Нашли расположение офицерского резерва фронта в лесу. После проверки наших документов, нам было приказано сдать личное оружие. У моего попутчика оружия не было, а я свой наган не сдал, сказал, что за мной оружия не числится.
Офицеры жили в землянках. Запомнилась мне столовая, которая была устроена на открытом воздухе. Деревянные столы располагались на склоне травянистой горки; у столов были наспех сколоченные из бревен скамейки. У каждого стола сбоку была вкопана до половины дубовая бочка с крышкой, в которой всегда был хлебный квас. В жаркие дни этот квас был спасением, кроме того, он обладал необыкновенным вкусом.
Говорили, что поваров – солдат был специалист по приготовлению хлебного кваса.
Однажды ночью все проснулись от выстрелов и в панике начали выбегать из землянок и бежать в глубь леса. Я тоже вместе со всеми бежал в лес. Когда уткнулись в какой-то старый овраг, бег прекратился, и все стали потихоньку брести назад, к землянкам. Уже потом, когда я вспоминал это событие, оно живо мне напомнило бегство матросов из кинофильма «Мы из Кронштадта».
Как оказалось, это было нападение бандеровцев, которое отбили зенитчики своими 37 мм зенитными скорострельными пушками.
При разборе этого инцидента мы узнали, что нас охраняла рота танков Т-34, но ни один танк не действовал по разным причинам. Почти все танкисты жили в соседней деревне, переженились и пьянствовали. Аккумуляторы на танках давно уже сели. В пушках некоторых танков птички свили гнезда.
Эти танкисты, в том числе офицеры, были наказаны. После этого случая нам разрешили жить не в землянках, а в домах соседней деревни. Я со своим приятелем, с которым прибыл в резерв, устроились в хате многодетной семьи. Нам сразу же пришлось расстаться с последними портянками. Взамен хозяйка кормила нас яичницей , жаренной на сале и кислым молоком, которого у нее было так много, что она даже кормила им своих свиней.

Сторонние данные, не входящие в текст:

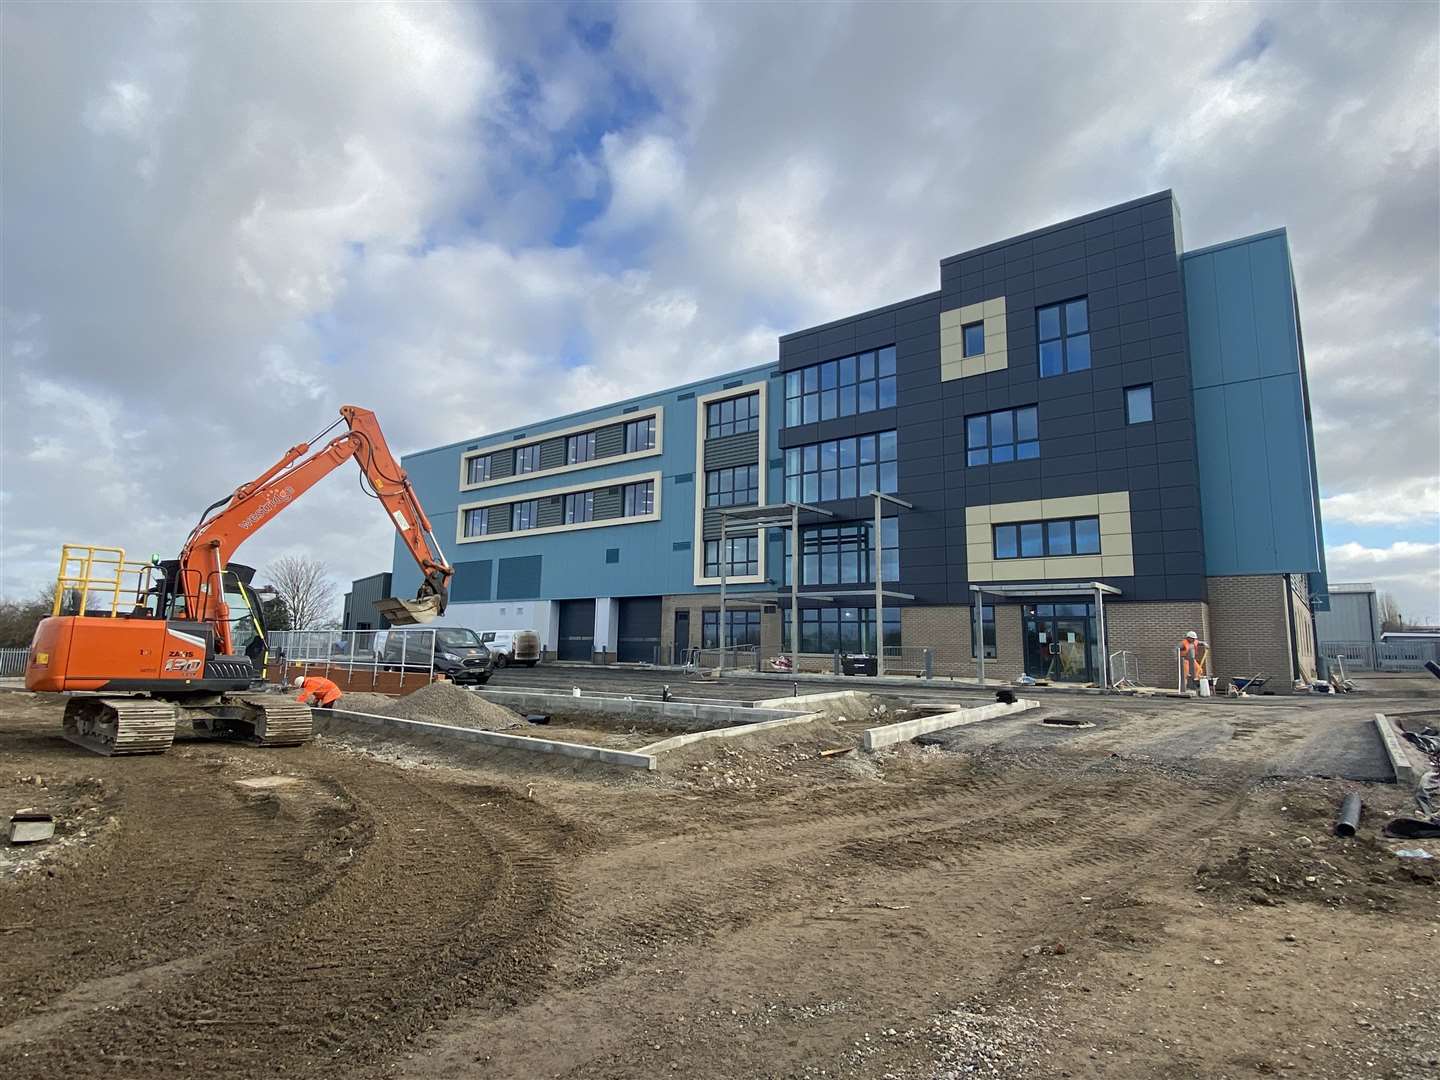 The new ambulance centre being built in Bredgar Lane, Gillingham. Picture: South East Ambulance Service

Стояла жаркая погода, и мы часто проводили время в саду, под яблонями.
Как-то приехала комиссия для отбора офицеров в академию бронетанковых войск.
Все, кто сумел представить аттестат зрелости, уехали в Москву для поступления в Академию.
Меня и еще нескольких офицеров – танкистов направили в г.Свердловск, за танками.
Пока мы ждали команды, прошло несколько дней. Как-то утром, проснувшись, как обычно, полез под подушку, чтобы нащупать свой наган, но его не было.
Начал всюду его искать, даже лазил в постели детей хозяйки дома – думал, что они могли взять поиграть с ним. Начал допрашивать хозяйку. Увидел, то она смущена чем-то.
Наконец-то она сказала, что ночью приходили в хату бандеровцы за продуктами, и что один из них вытащил мой наган.
И в то же день я узнал, что мой попутчик убыл куда-то, так со мной и не попрощавшись. Подозрение пало и на него.
Так я остался без оружия и без своей полевой сумки, которую у меня стащили, когда мы покидали землянку.
Начался день нашего отъезда. Старший нашей команды раздал нам командировочные предписания, продатестаты, и мы договорились, что встретимся в г. Свердловск через неделю. А пока мы можем съездить по домам, кому было по пути.
Я оказался в самом выгодном положении. Мои родные к тому времени уже были в Киеве и жили на территории училища, которое я заканчивал в Саратовской области, и которое возвратилось на прежнее свое место дислокации. Родители продали дом и запасы картошки по месту жительства на станции Разбойщина, и вместе с училищем приехали в Киев.
До Киева от Шепетовки рукой подать. Мы все поехали до станции Казатин. На этой станции мы ждали свои поезда. Ожидая поезд, увидел на путях странную женщину с распущенными седыми волосами. Она бродила по путям, спотыкаясь и падая и выкрикивая какие-то имена. Все вокруг говорили, что у нее на глазах немцы расстреляли ее детей. Какой-то мужчина подхватил ее и поволок в вагон эшелона, который шел в Киев. Я тоже сел в этот же эшелон. Через пару часов я был уже в Киеве.
Мне нужно было подумать насчет своей одежды. На улице было жарко, а на мне была плащ-накидка, которая скрывала мои ноги, на которых были красные английские ботинки с обмотками. Все это я был вынужден носить, так как сапог на складе в офицерском резерве не было. На голове у меня была пилотка и темные очки. В таком виде я подошел к училищу и стал думать, как мне пройти незамеченным. Я ходил взад и вперед в том месте, где не было забора, и уже решил про себя, что мне придется ждать темноты, как вдруг увидел знакомого офицера. Когда я учился в училище, мы были с ним курсантами в одной батарее.
Я уехал на фронт, он был оставлен в училище. Я окликнул его. Он меня не узнал. Когда я назвал себя, он даже вскрикнул от удивления. Я снял очки и стал объяснять ему свое положение. Он не стал меня спрашивать и сказал мне, чтобы я никуда не уходил и ждал его здесь, на месте.
Через некоторое время появился мой отец в сопровождении этого офицера. Отец был в таком потрясении и словно как будто напуган, что не мог даже говорить. Потом он сказал мне, что такое таинственное мое появление вызвало у него подозрения – уж не дезертир – ли я.
Весь мой облик подкреплял его впечатление.
Вместе мы шли домой через территорию училища (теперь это территория бывшего Киевского СВУ, а ныне Военного лицея имени Ивана Богуна).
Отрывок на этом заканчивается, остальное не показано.